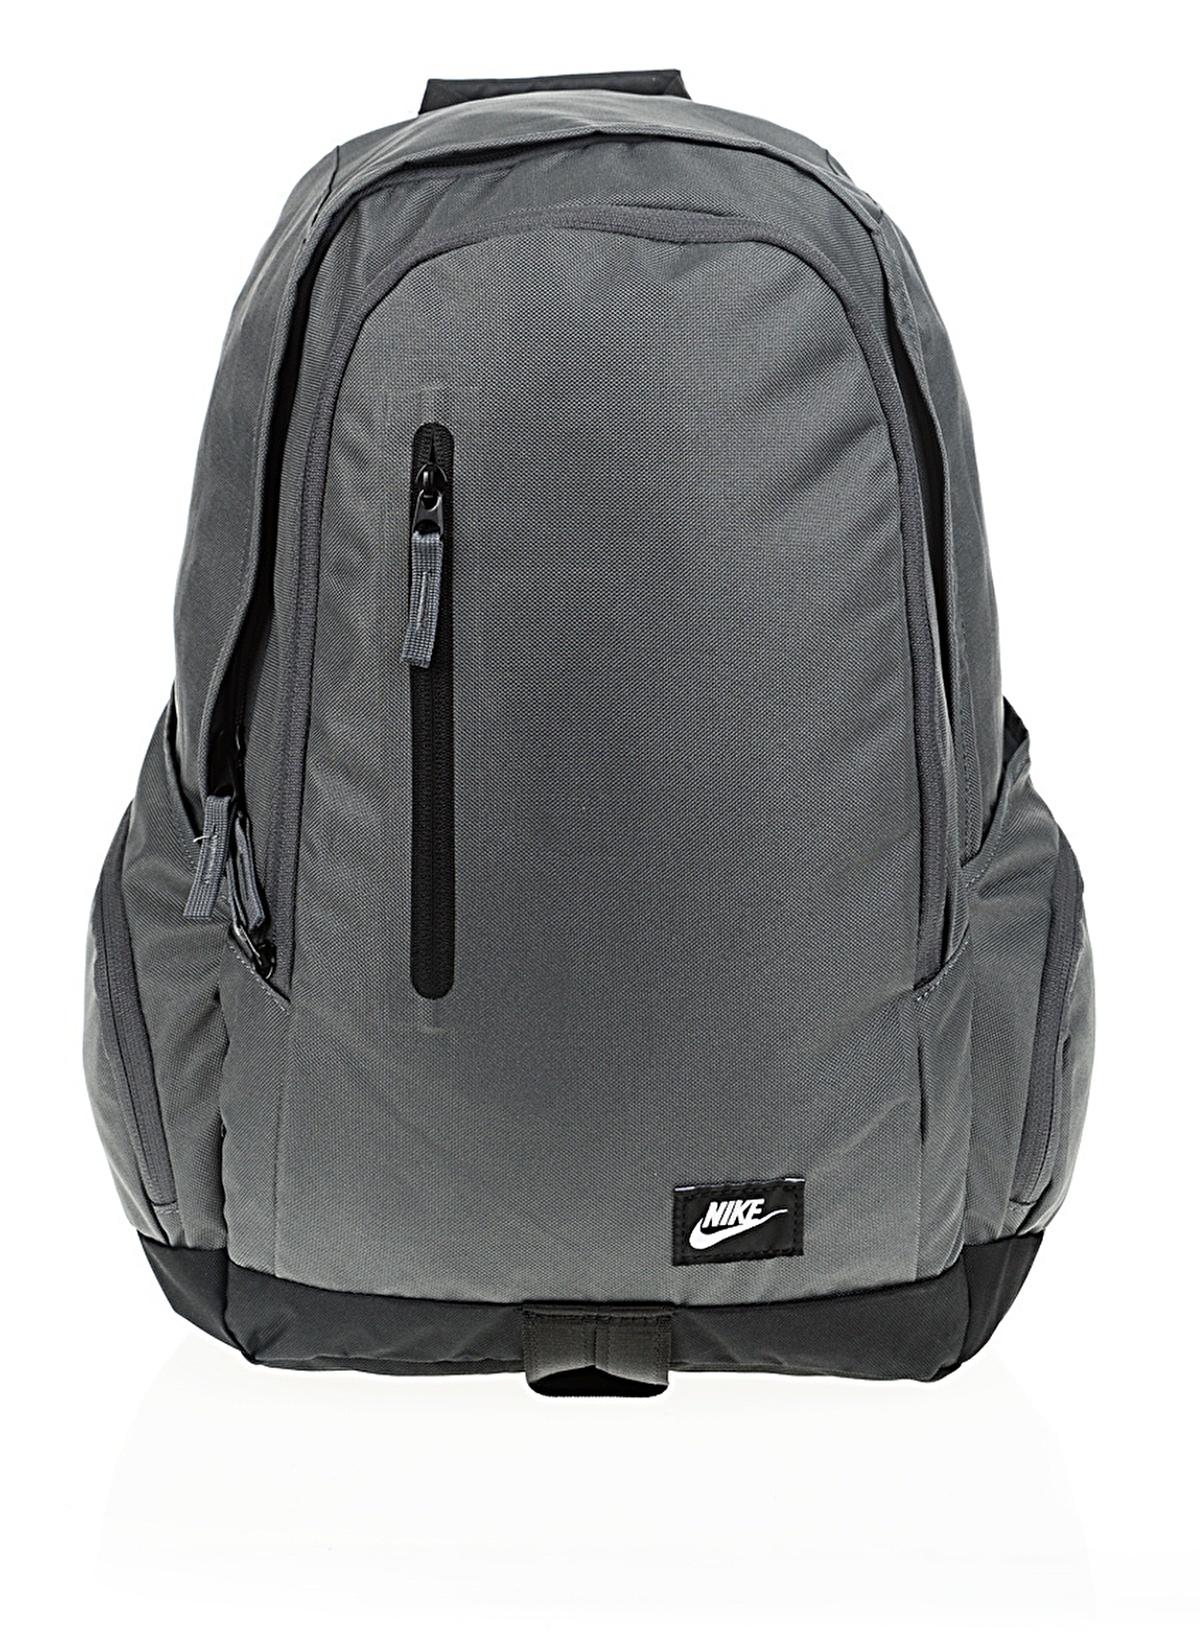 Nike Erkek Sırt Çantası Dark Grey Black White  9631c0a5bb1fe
☆ ☆ ☆ ☆
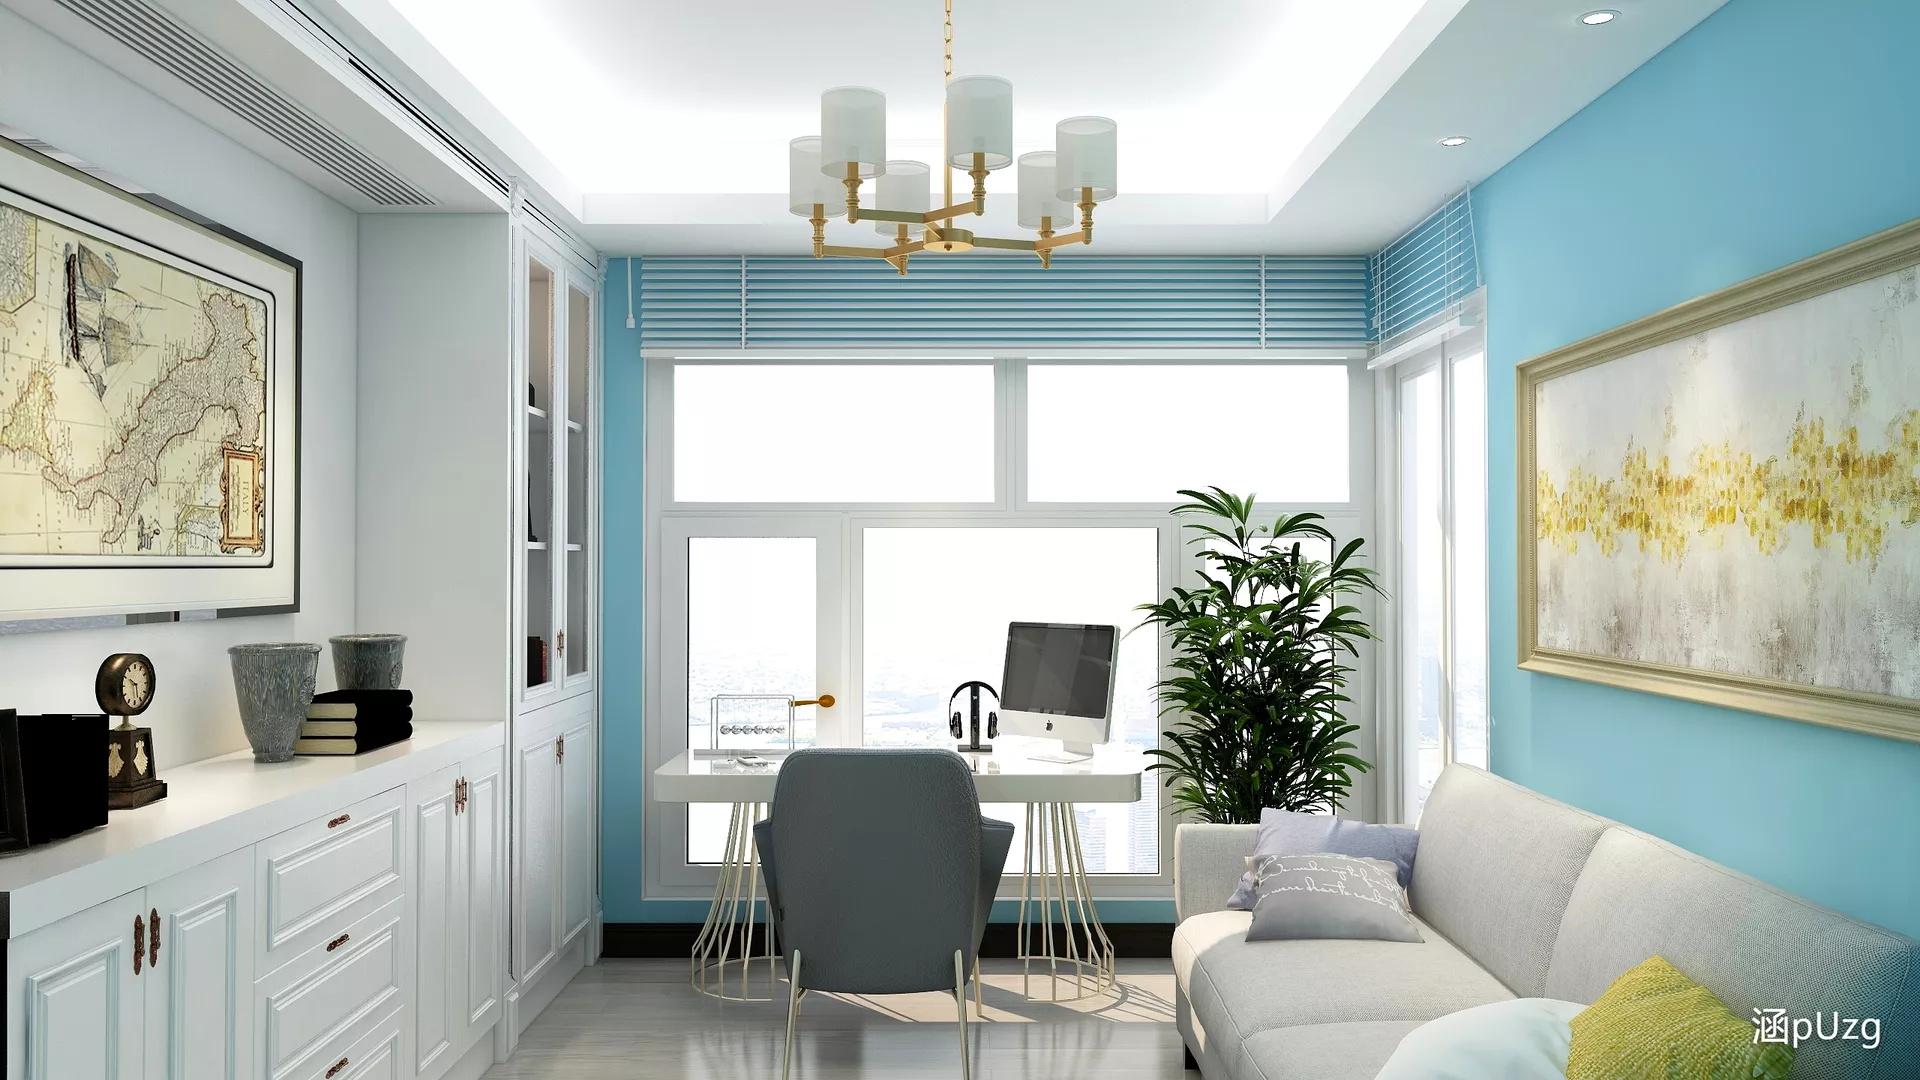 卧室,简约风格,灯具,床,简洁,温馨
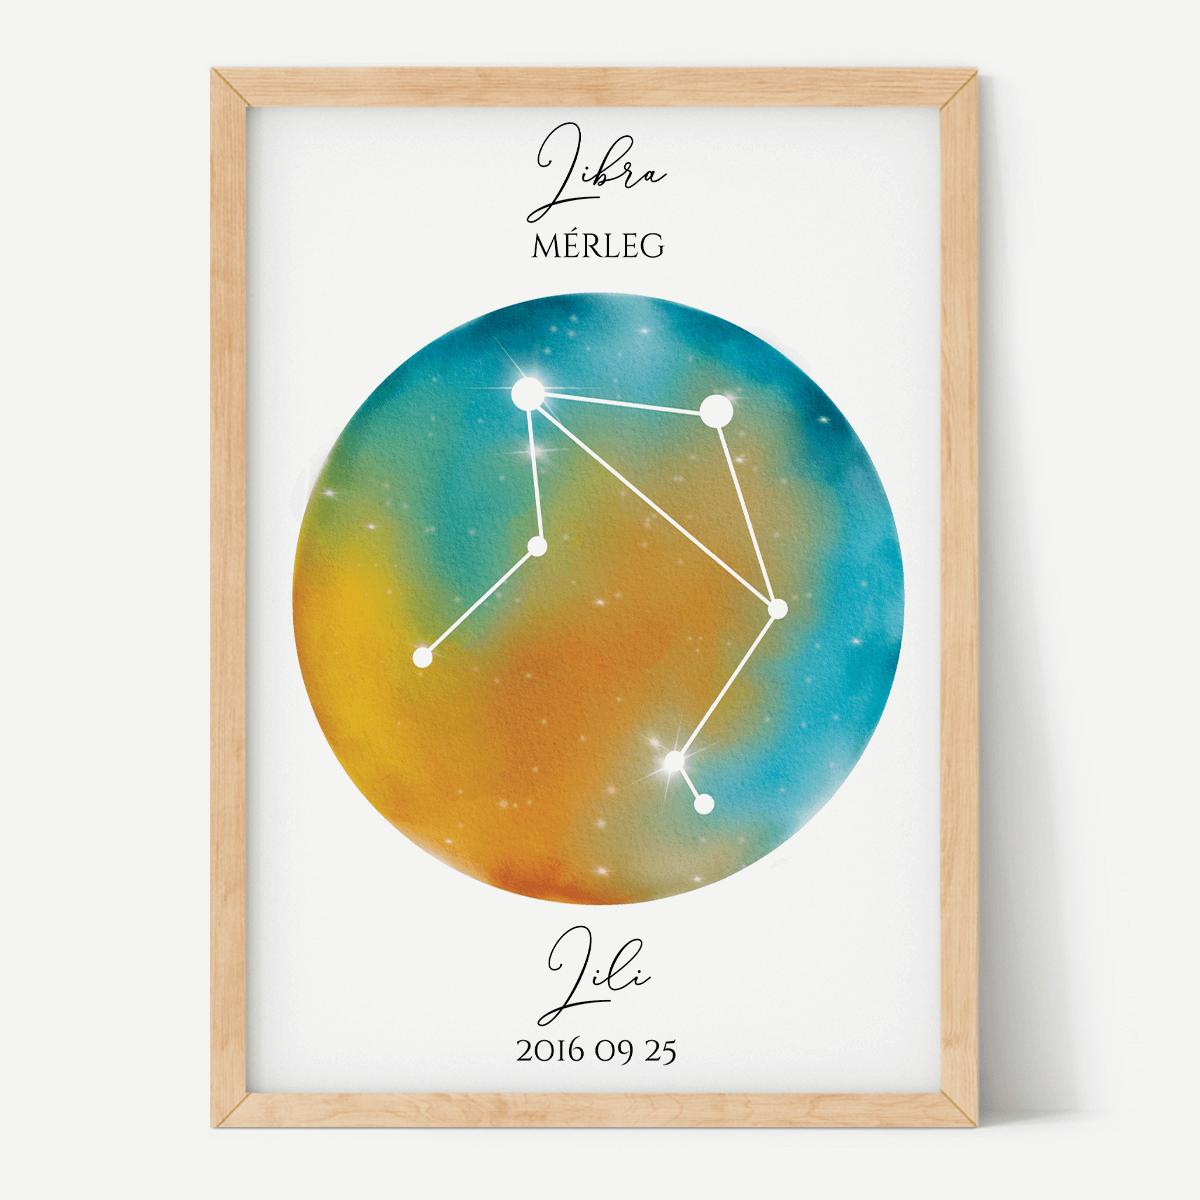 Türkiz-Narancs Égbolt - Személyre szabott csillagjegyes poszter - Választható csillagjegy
☆ ☆ ☆ ☆
| DIRECTIONS |
Copy only this from above: the line containing "卧室,简约风格,灯具,床,简洁,温馨", the line containing "Türkiz-Narancs Égbolt - Személyre", and all lines between, printed exactly. Leave out the pictures.

| SOLUTION FOR THIS TASK |
 卧室,简约风格,灯具,床,简洁,温馨
 Türkiz-Narancs Égbolt - Személyre szabott csillagjegyes poszter - Választható csillagjegy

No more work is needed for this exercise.